How could Brexit hit your energy costs?

Posted 15 July 2016 by Helen Christie

Brexit is the biggest topic of conversation right now, not just in the UK, but throughout Europe…

The UK’s withdrawal from the European Union is undoubtedly going to hit consumers’ wallets in many different areas, from food through to travel. What’s more, it could also cause the price of energy to shoot up.

Energy costs are already a huge consideration for homeowners, so Payingtoomuch.com has looked at why this rise may occur, and is there anything the consumer can do to protect against it?
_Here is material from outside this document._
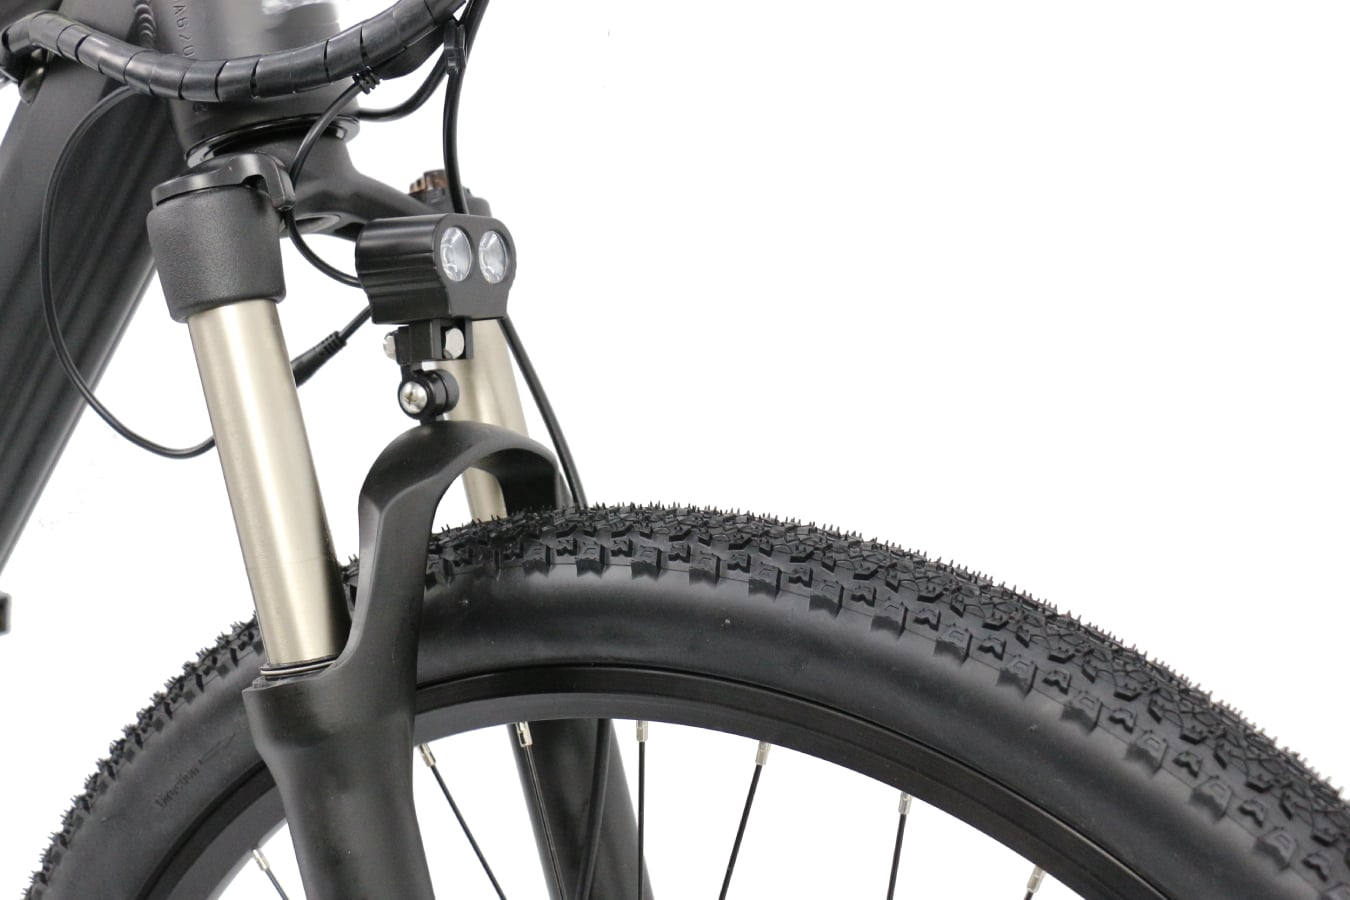 Weave Sport Front Headlight & Suspension

Why will energy prices rise?

There’s no crystal ball, however all the signs point to the fact that the EU exit will see energy prices rise. But why is this? It all has to do with the value of the pound, which has been sharply declining in the wake of the referendum result. This decline, in a nutshell, means that importing will become much more expensive for UK individuals and companies, including the various energy companies.
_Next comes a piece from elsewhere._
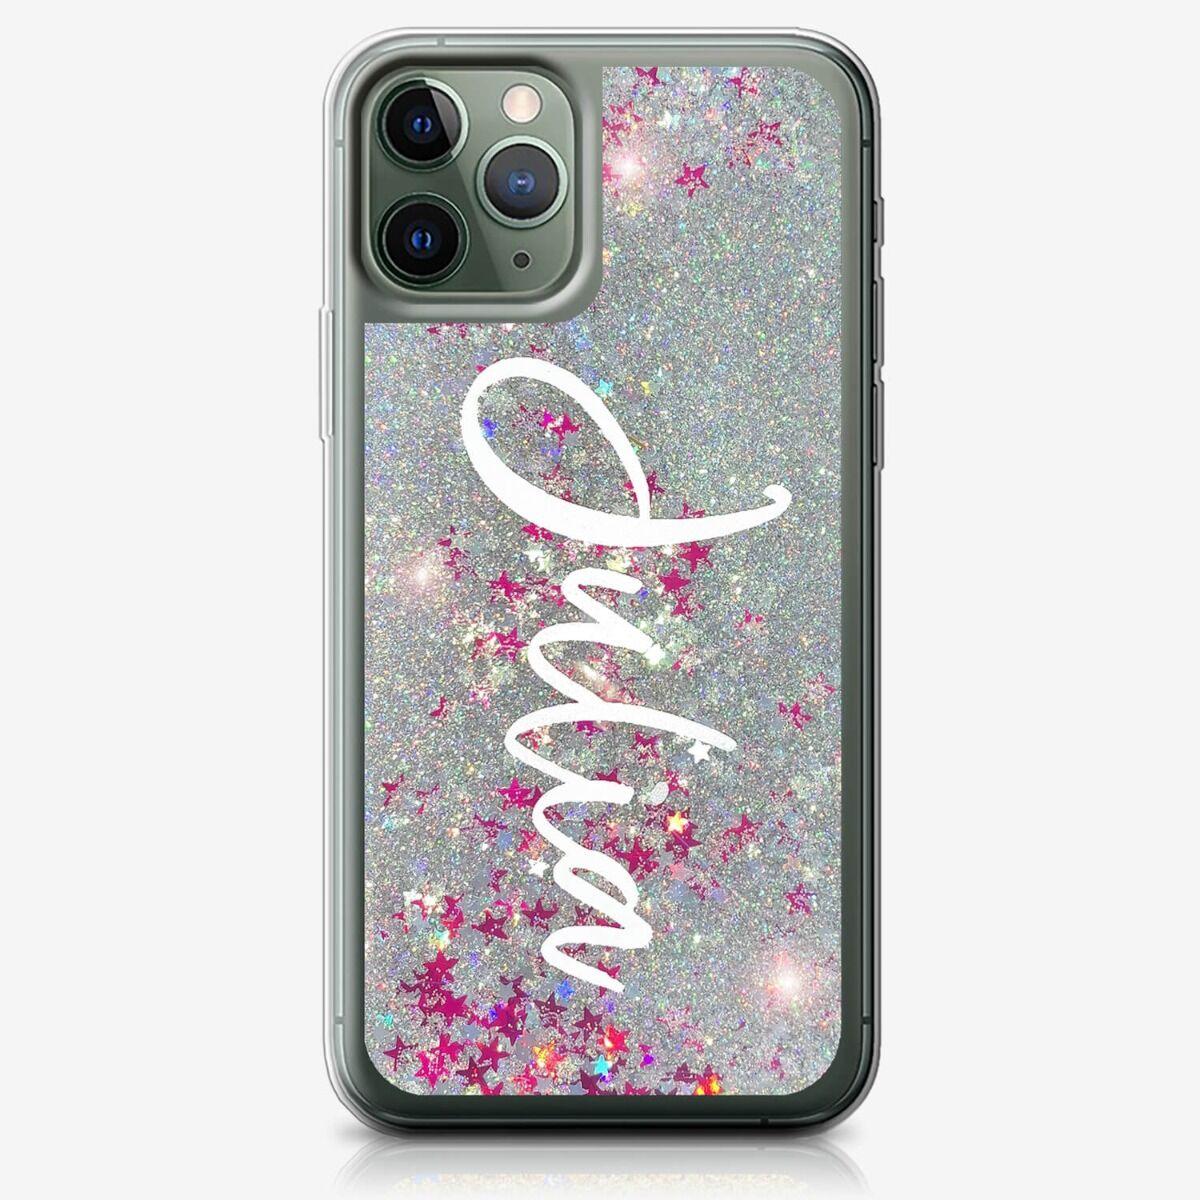 iPhone 11 Pro Max Glitter Case 16258

Why should the energy industry be concerned by importing costs though? It’s because the UK currently imports a huge amount of energy from Europe, in order to satisfy the high demand from the UK’s population. If the UK’s power companies are having to pay higher rates for this energy, you can guarantee that they’ll pass these higher costs onto their customers, thus leading to increased energy bills.

Imports are also important in another way as well, as the UK’s energy infrastructure is supported by many imported materials and other goods, especially from China. So, it will now cost more for this infrastructure to be maintained to an acceptable level. Once again, these costs will find their way to the consumer.

Could the government intervene?

There is one way in which the government could negate the effect of energy price rises, and it comes with the eradication of VAT on energy – something that would become possible thanks to the lack of regulation from the EU. VAT on energy is currently at 5%, therefore meaning consumers would benefit by this much if it were removed. The chances of this happening though are almost zero…

Should the government abolish the 5% rate of VAT on energy, they would lose out massively. In fact, it is estimated that it would cost them around £1.5bn in lost revenue. In this period of financial instability, the government simply can’t afford to take risks like this. This is why it is incredibly unlikely they’d want to lose this invaluable source of income.

Even if they did decide to abolish the rate, they would have to make it up elsewhere, meaning that they’d either need to cut back on services, or raise taxes in different areas. So, the public would still end up paying in one way or another.

How to protect against rising energy costs

If energy prices rise, they’ll rise across the board. This means that you’ll be unable to escape these price rises, and will have to find some extra cash to pay for them. You can limit the impact they have though, simply by ensuring that you’re on the very best energy tariff around.